Cost control is still the primary financial action CFO is considering. Under normal business conditions, the company spends a lot of time on the income statement, but under the crisis, finance should encourage the business department to focus on cash flow and balance sheet, improve cash flow and optimize asset allocation, re-evaluate investment plans at the corporate level.
If indiscriminate and devastating cuts are made, the company’s business continuity will be hurt, many opportunities will be missed after the pandemic. Therefore, strategic investment is equally important during the economic slowdown. Through more investment in research and development, marketing, and assets than competitors, it can ensure that the company can have new growth points after the low tide.
According to a PwC survey, more than half (56%) of the respondents are considering postponing or canceling planned investments, but CFOs are also unlikely to cut their planned digital transformation investments (11%).

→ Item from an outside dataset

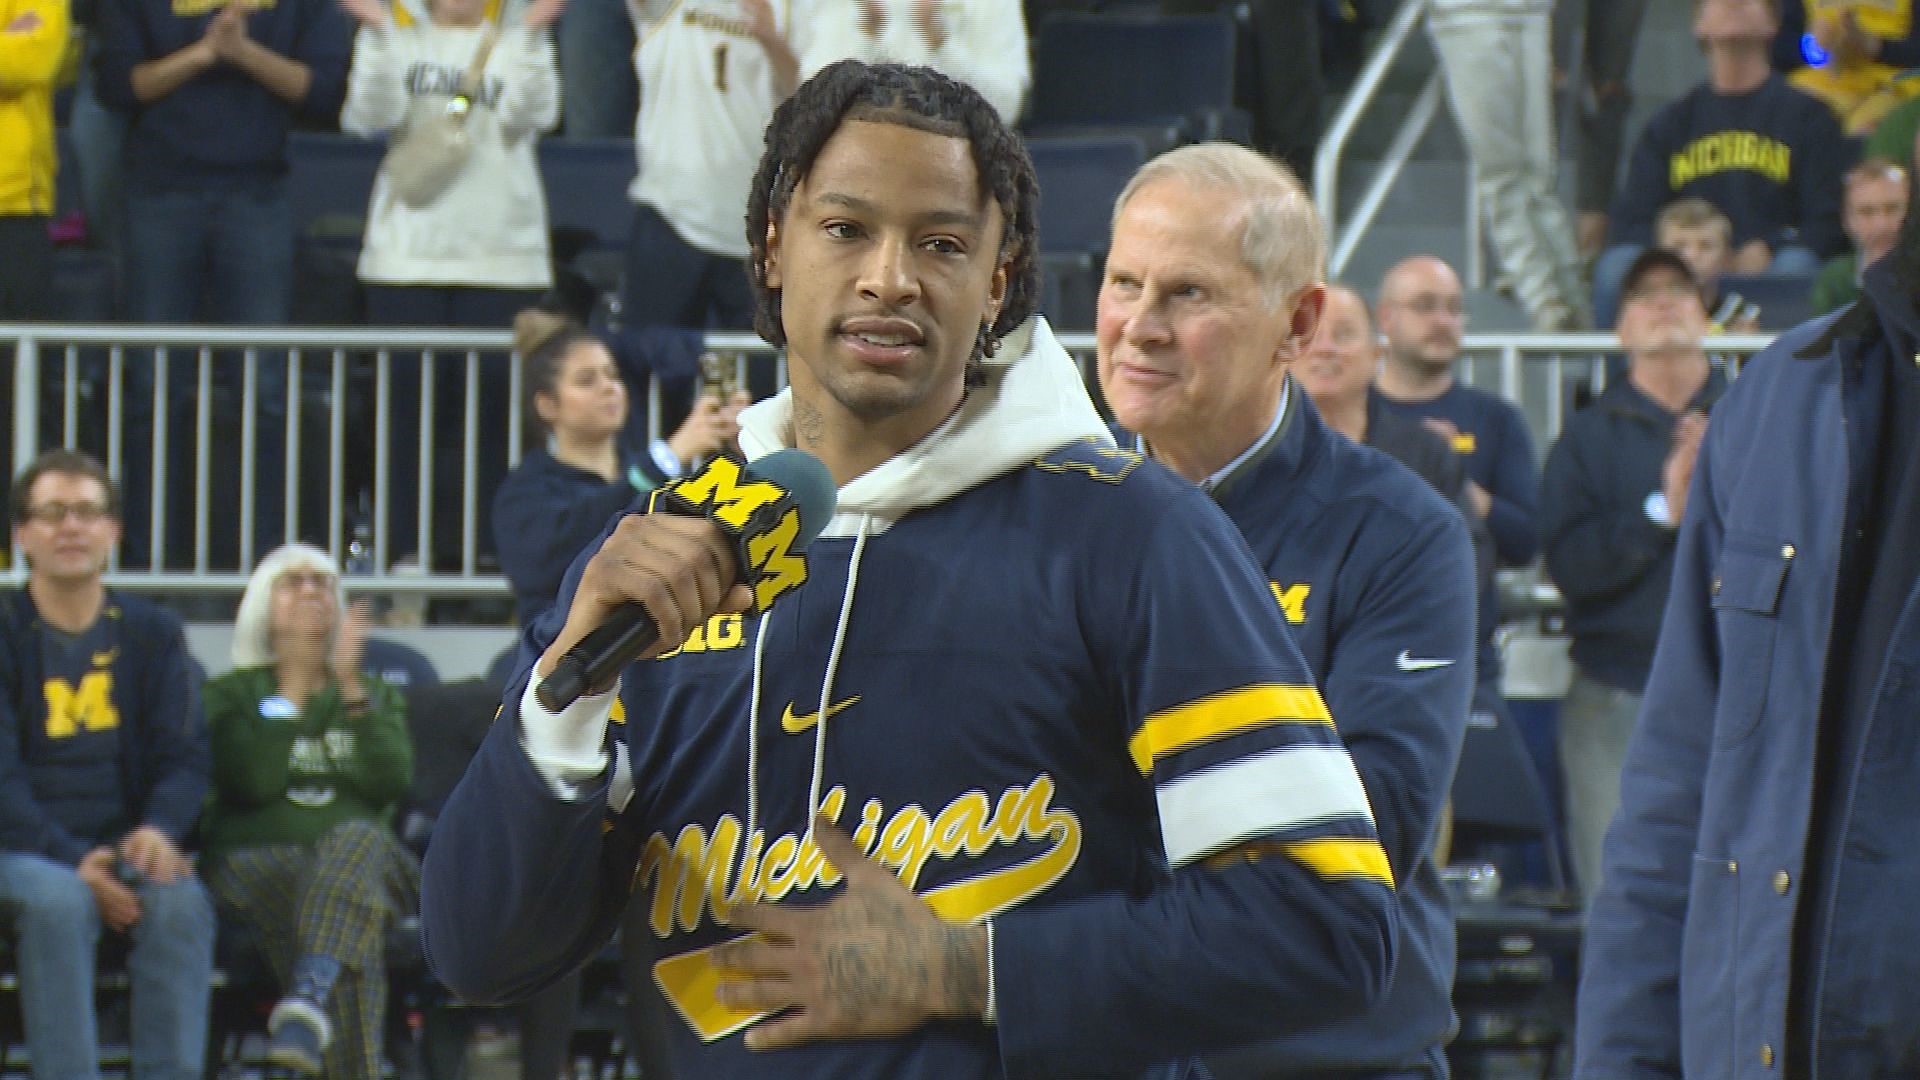 Saturday night proved how fast time flies as the 2013 Michigan basketball team that went to the national championship celebrated its 10-year anniversary.

They correspond to the discovery of programs that accelerate automation and improve the remote work experience.
Step 4: Provide new products or enhance products or services, rebuild or increase sources of income.
Cash flow is the foundation of a company's survival, and "increasing revenue and reducing expenditure" is basically the main tone of every company, but the necessary investment and product development to ensure business continuity cannot be easily abandoned.
Yang Chuan, Vice President of Finance of Bosch China: Stop all investments and mergers and acquisitions, review supplier terms one by one, and suspend recruitment plans, but this is also a very good opportunity to reshuffle the original bad portfolio.
Take advantage of the crisis, reorganize the strategy and sort out the best product mix. Analyze the most profitable and best product lines, so as to make more hidden investments, such as how to make the process more efficient and lock in better talents.